For each hospital, we recorded the proportion of bariatric patients with an OSA diagnosis, (hospitals may have different awareness of the importance of OSA as a risk factor for postoperative complications, which may influence both documentation and management) along with the proportion of OSA patients treated with postoperative NIV among bariatric patients and among all surgical patients. Other hospital characteristics were also recorded, including the number of beds, teaching status, geographic region, and whether an urban/rural population is served.

Exposure Variable

Early postoperative NIV was the main exposure variable, and was identified based on date stamped billing/charge codes and/or ICD-9 procedure code 93.90. Identification of NIV use based on a charge or an ICD-9 procedure codes for NIV was shown in prior studies to be more sensitive and specific than either alone. Of note, neither procedure nor billing codes differentiate between CPAP and BIPAP.

We defined “early postoperative NIV” as NIV started on the day of, or the day after surgery (day 1 or 2 of hospitalization) to acknowledge that we could not differentiate between NIV used for prophylaxis (continuation of NIV used preoperatively) and NIV used to treat early signs of respiratory deterioration in the postoperative period (identified based on chest x-ray [CXR] and arterial blood gas [ABG] orders).

Main Outcomes Measures

The primary outcome of the study was reintubation within 3 days after the surgical procedure and was defined based on the respiratory therapist billing code for IMV and ICD-9 procedure codes for intubation and/or mechanical ventilation (ICD-9: 96.04, 96.7x).30

Secondary outcomes were postoperative complications, including acute coronary syndrome, atrial and ventricular arrhythmias, acute congestive heart failure, cardiac arrest, prolonged IMV and delirium. (for ICD-9 codes see Appendix B in the supplemental material) In addition, we assessed administration of naloxone on day 1 or 2 after surgery, a short-acting opioid antagonist as a proxy for respiratory depression assumed to be secondary to opioid administration. We also reported in-hospital mortality, length of stay, and hospital cost. All postoperative complications described were not present on admission (no present on admission indicator).31

Statistical Analysis

Frequencies and percentages for categorical factors, and medians and interquartile ranges (IQRs) for continuous factors were used to examine the distribution of variables, at the patient and hospital level, and to describe the study population. The univariate associations of patient characteristics, type of surgery and hospital characteristics with early postoperative use of NIV were evaluated via chi-square tests, analysis of variance, or nonparametric Kruskal-Wallis tests.
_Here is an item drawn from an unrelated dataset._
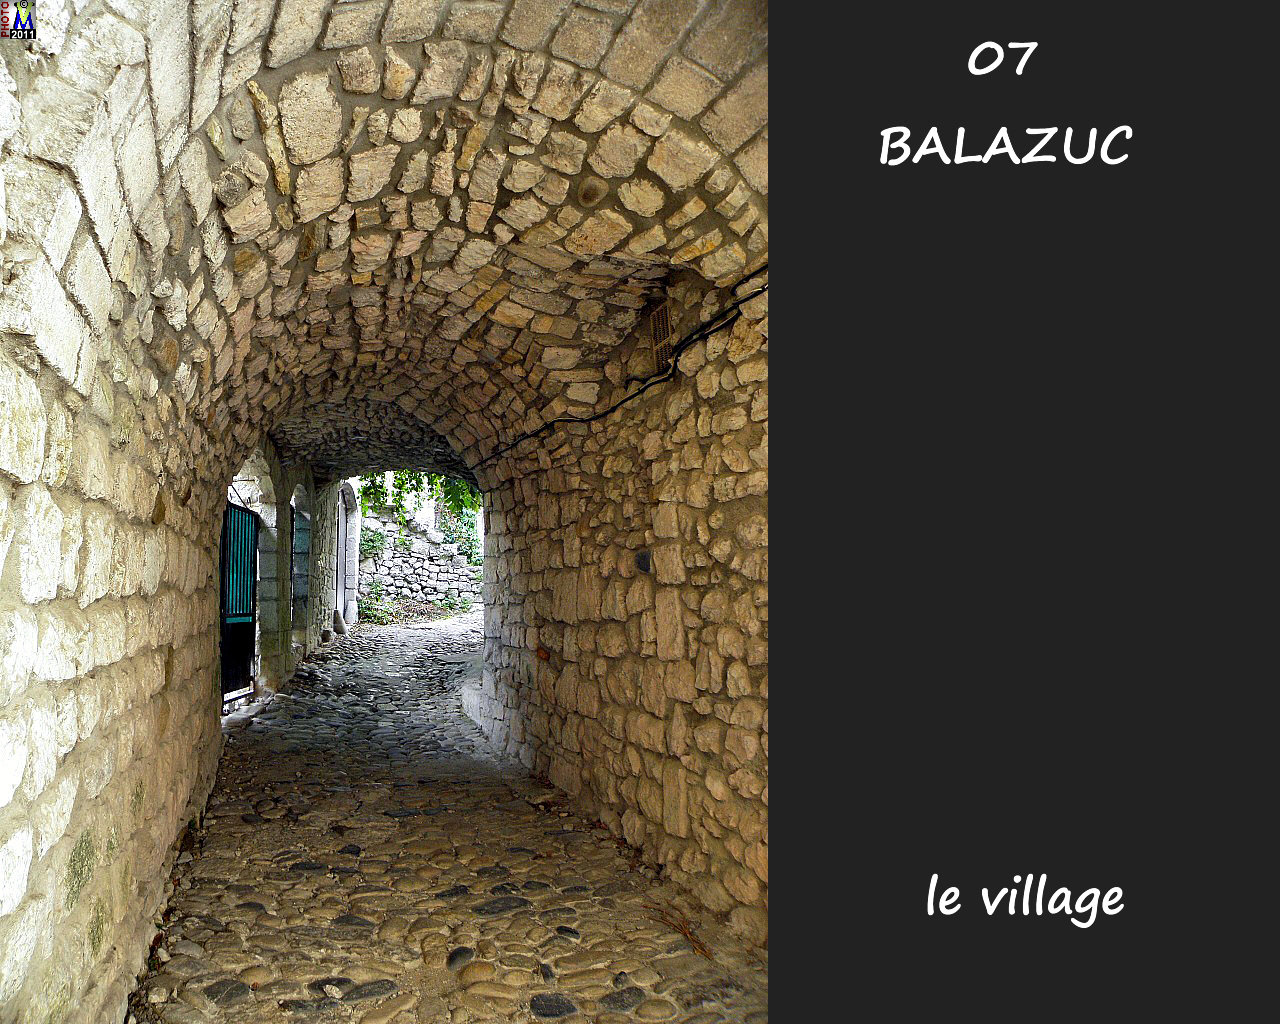 07BALAZUC_village_128.jpg

To assess the association of early postoperative use of NIV with the outcomes of interest, we first developed a nonparsimonious hierarchical logistic regression model to estimate a patient's propensity for early postoperative use of NIV. Because we did not have information regarding the severity of OSA or preoperative presence of hypercarbia, we adjusted for factors associated with OSA severity including age, male sex, morbid obesity, diabetes mellitus, presence of COPD, pulmonary hypertension, and several other patient and hospital factors. Independent variables included patient demographics and comorbidities, medications used for pain management, type of surgery and anesthesia, hospital characteristics, and selected interaction terms. Using a Greedy Match algorithm, we matched each patient treated with early postoperative NIV to another who was not treated with early NIV, but had a similar propensity score. We used conditional logistic regression, to account for matching, in evaluating the effect of early postoperative NIV on reintubation. We also developed a series of hierarchical models, including a hospital random effect, adjusting for propensity for treatment, and other covariates to assess the effect of early NIV on the outcomes. Logit link functions were used for the outcomes of reintubation and other postoperative complications, whereas the identity link was used for log transformed cost and length of stay.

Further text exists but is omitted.